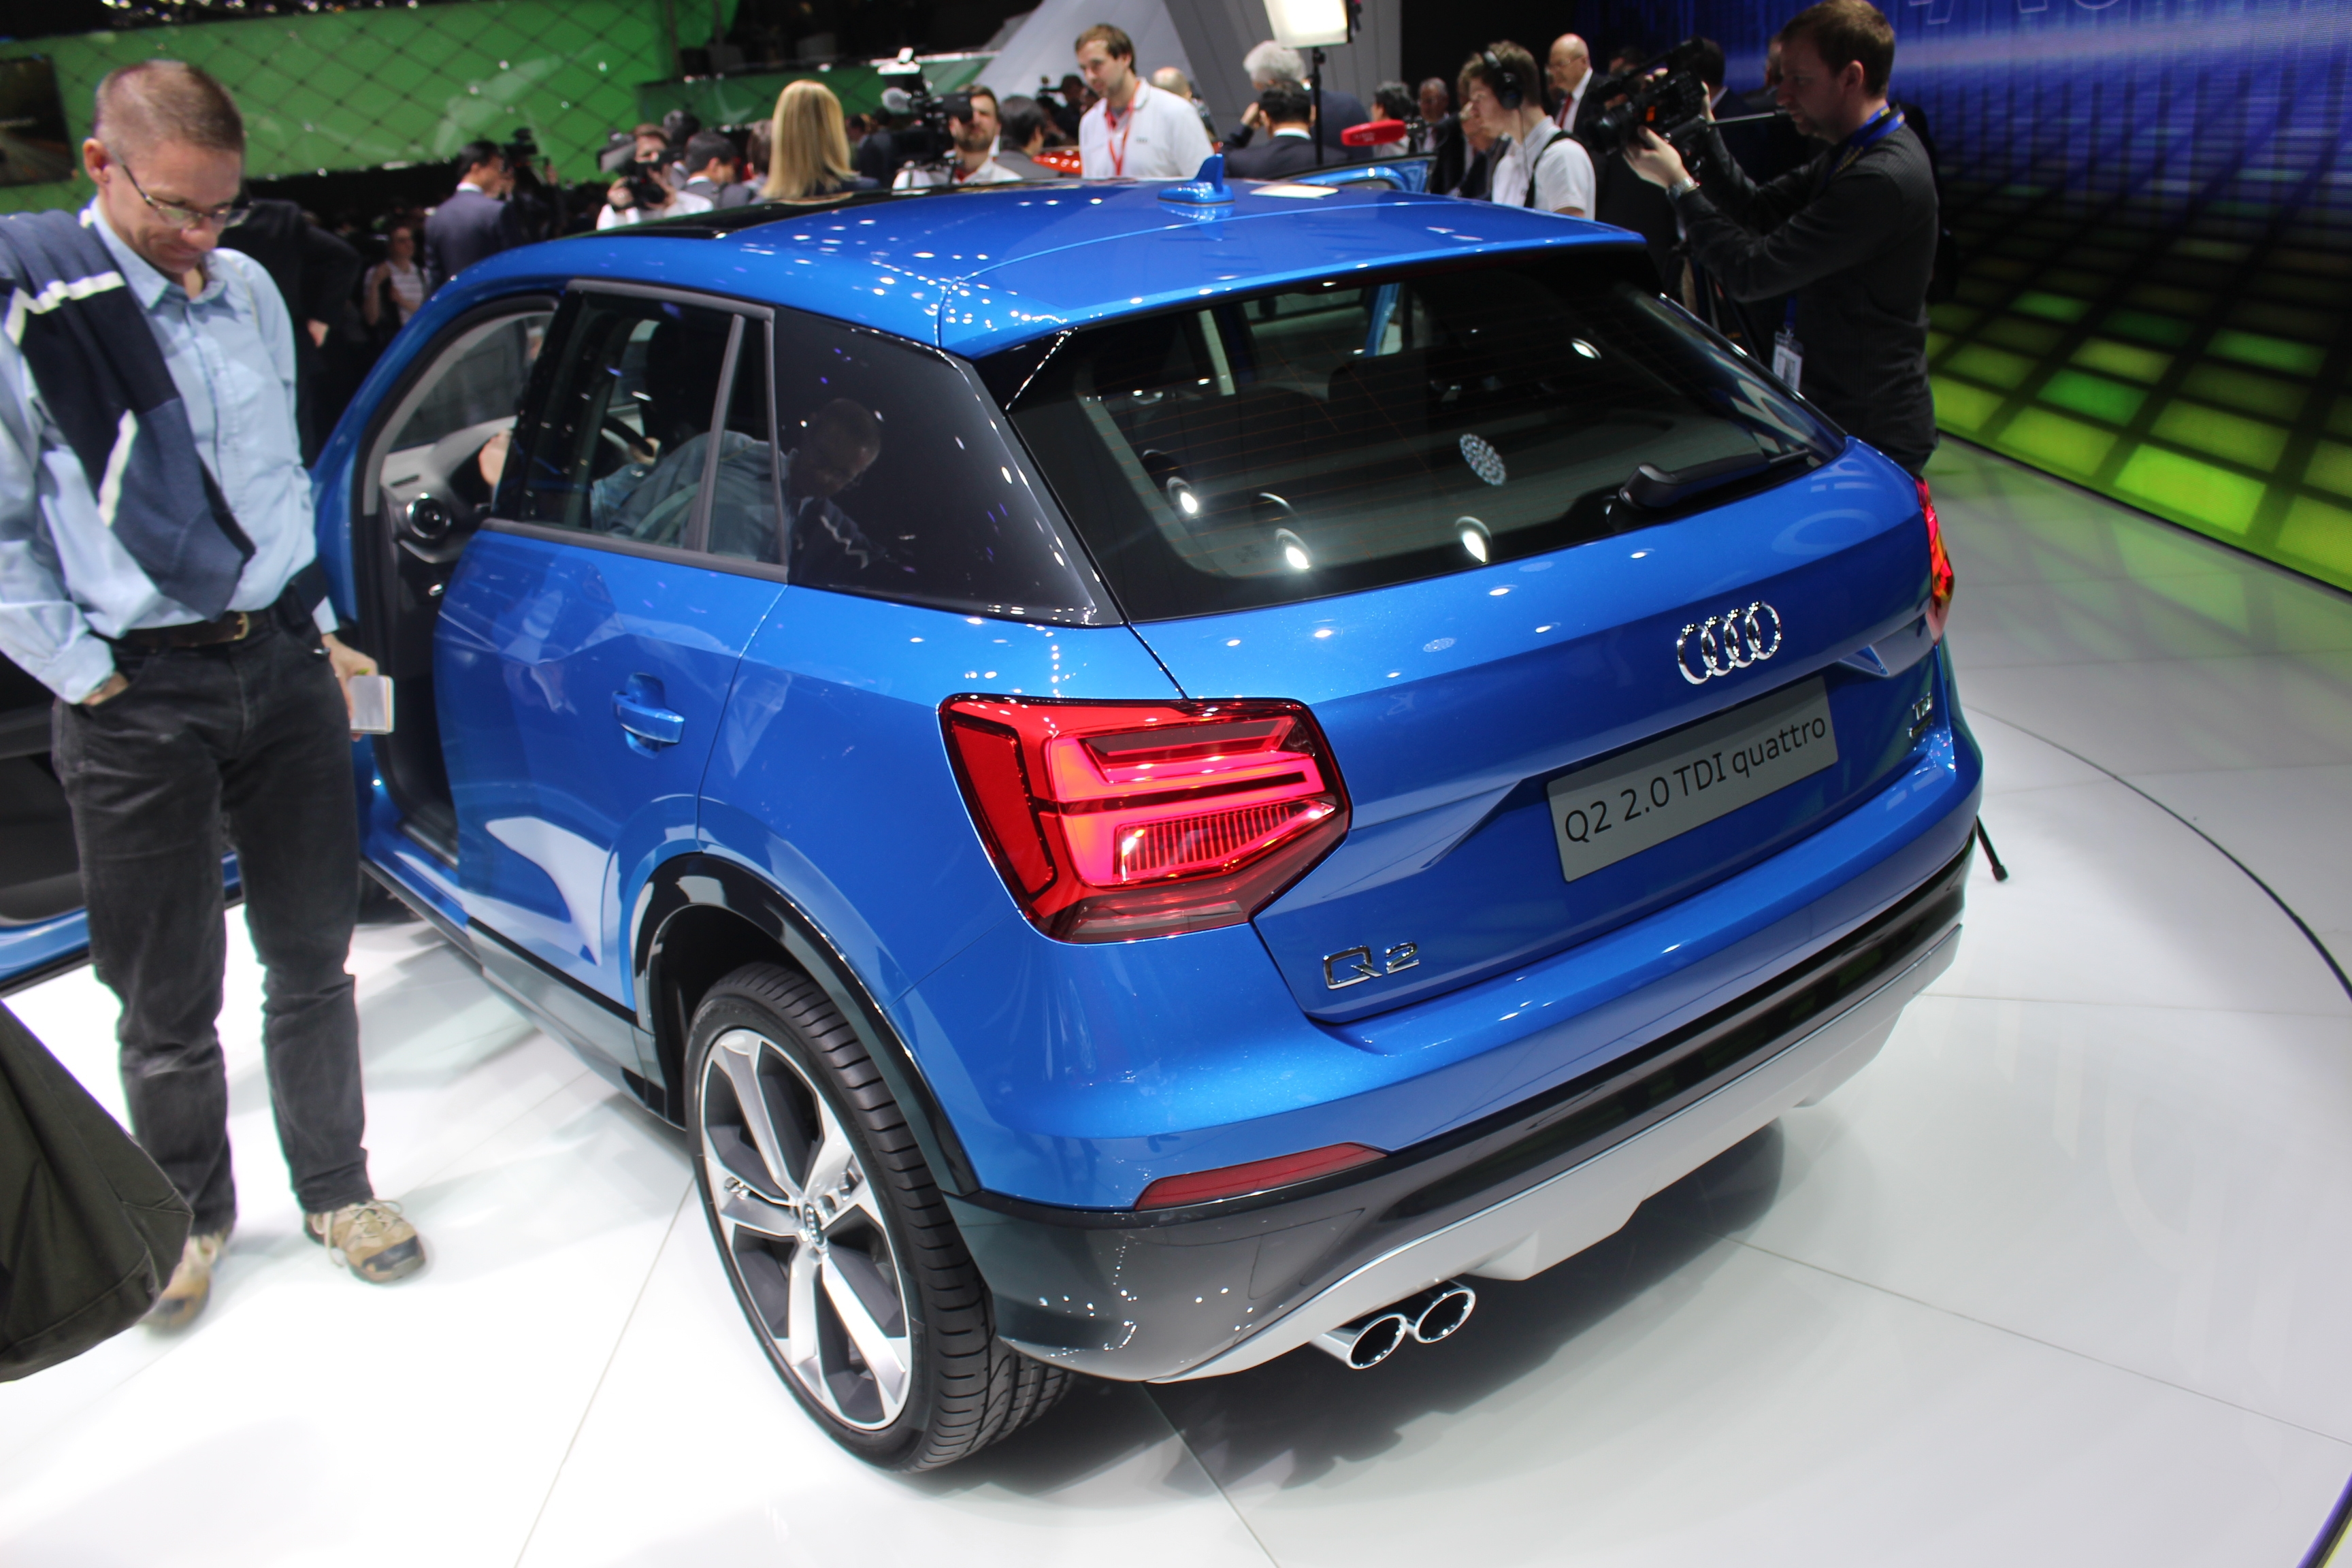 2016 - [Audi] Q2 - Page 14 S0-audi-q2-rendez-vous-le-1er-mars-a-9h30-pour-le-decouvrir-en-live-du-salon-de-geneve-2016-373090
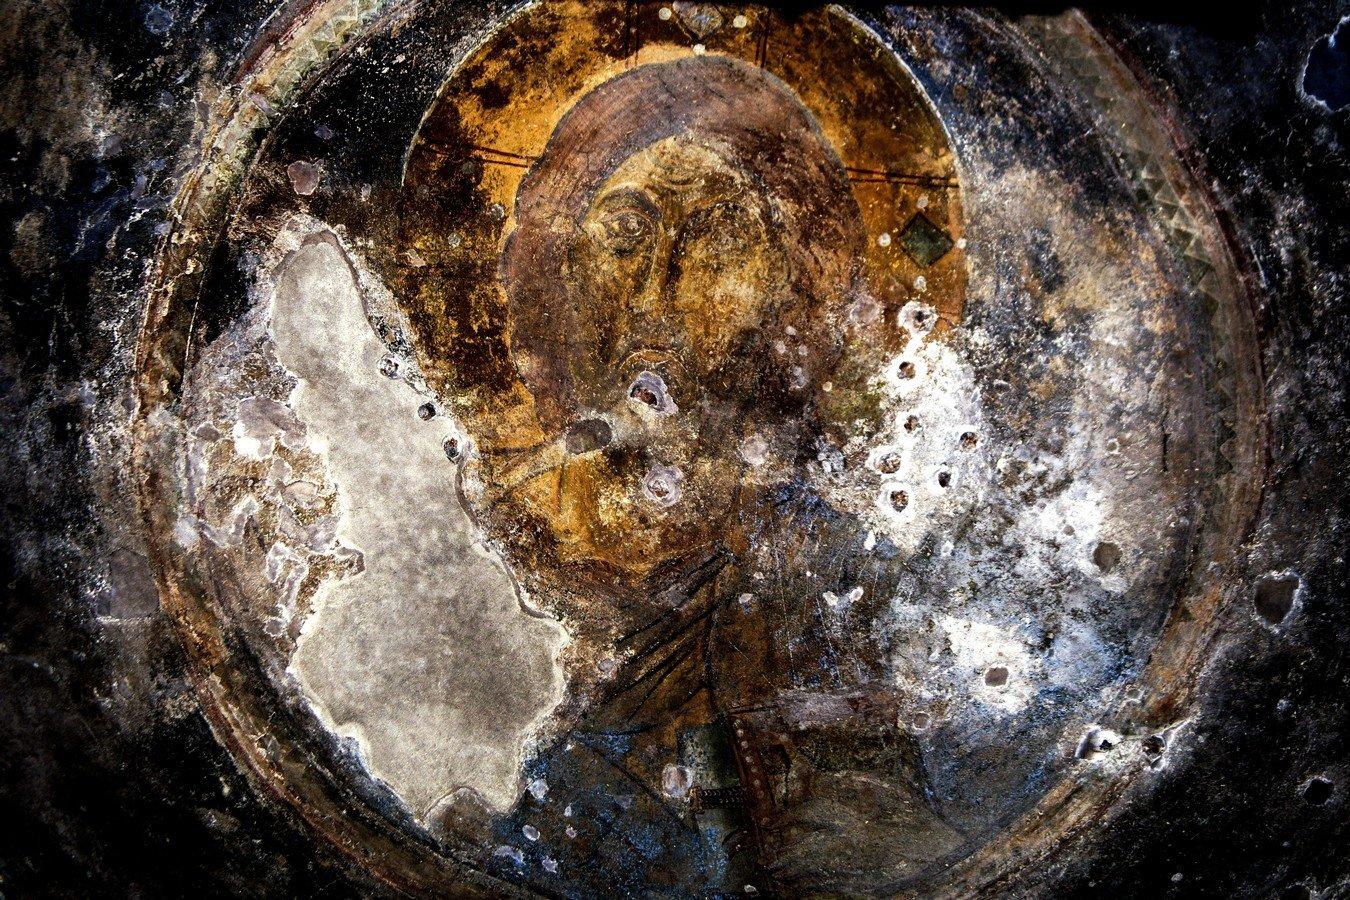 Христос Пантократор. Фреска церкви Богородицы Елеусы в Велюсе, Македония. Начало XII века.
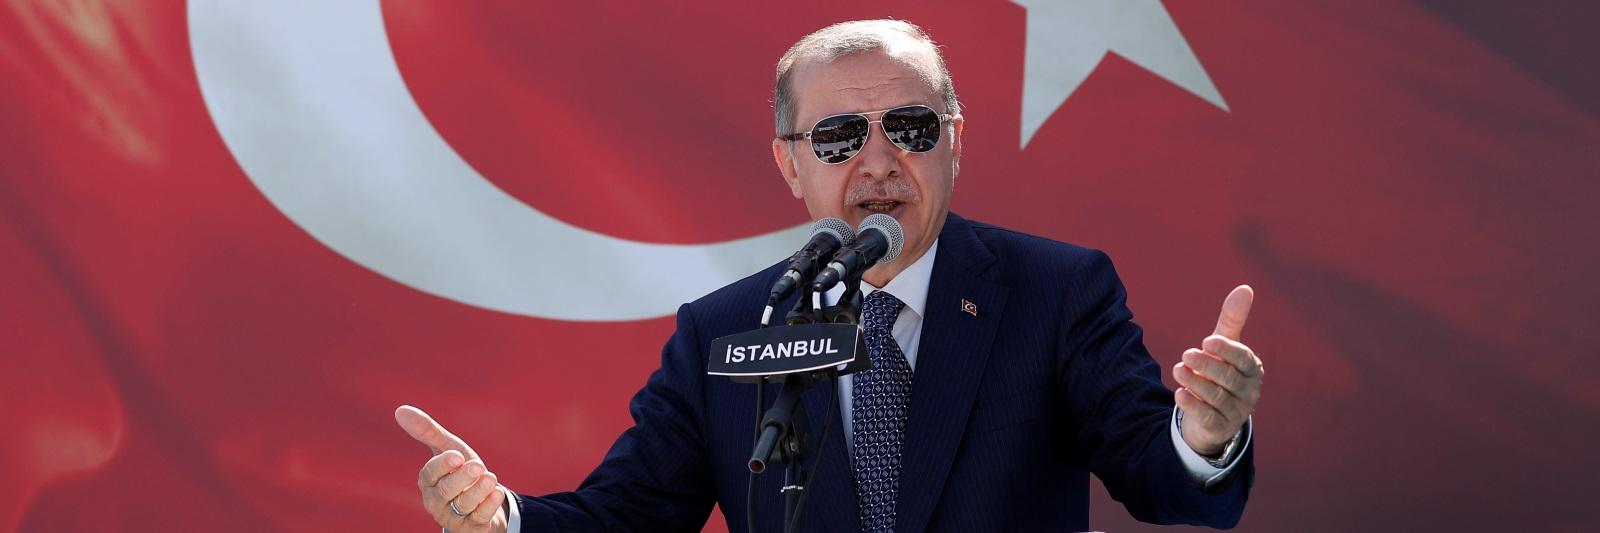 صورة حقيقة أم وهم.. هل يقود أردوغان مشروع الخلافة الجديد؟
● ● ●
Aim of the task
Copy out the data exactly and keep the pictures out.

Solution to this exercise
 2016 - [Audi] Q2 - Page 14 S0-audi-q2-rendez-vous-le-1er-mars-a-9h30-pour-le-decouvrir-en-live-du-salon-de-geneve-2016-373090
 Христос Пантократор. Фреска церкви Богородицы Елеусы в Велюсе, Македония. Начало XII века.
 صورة حقيقة أم وهم.. هل يقود أردوغان مشروع الخلافة الجديد؟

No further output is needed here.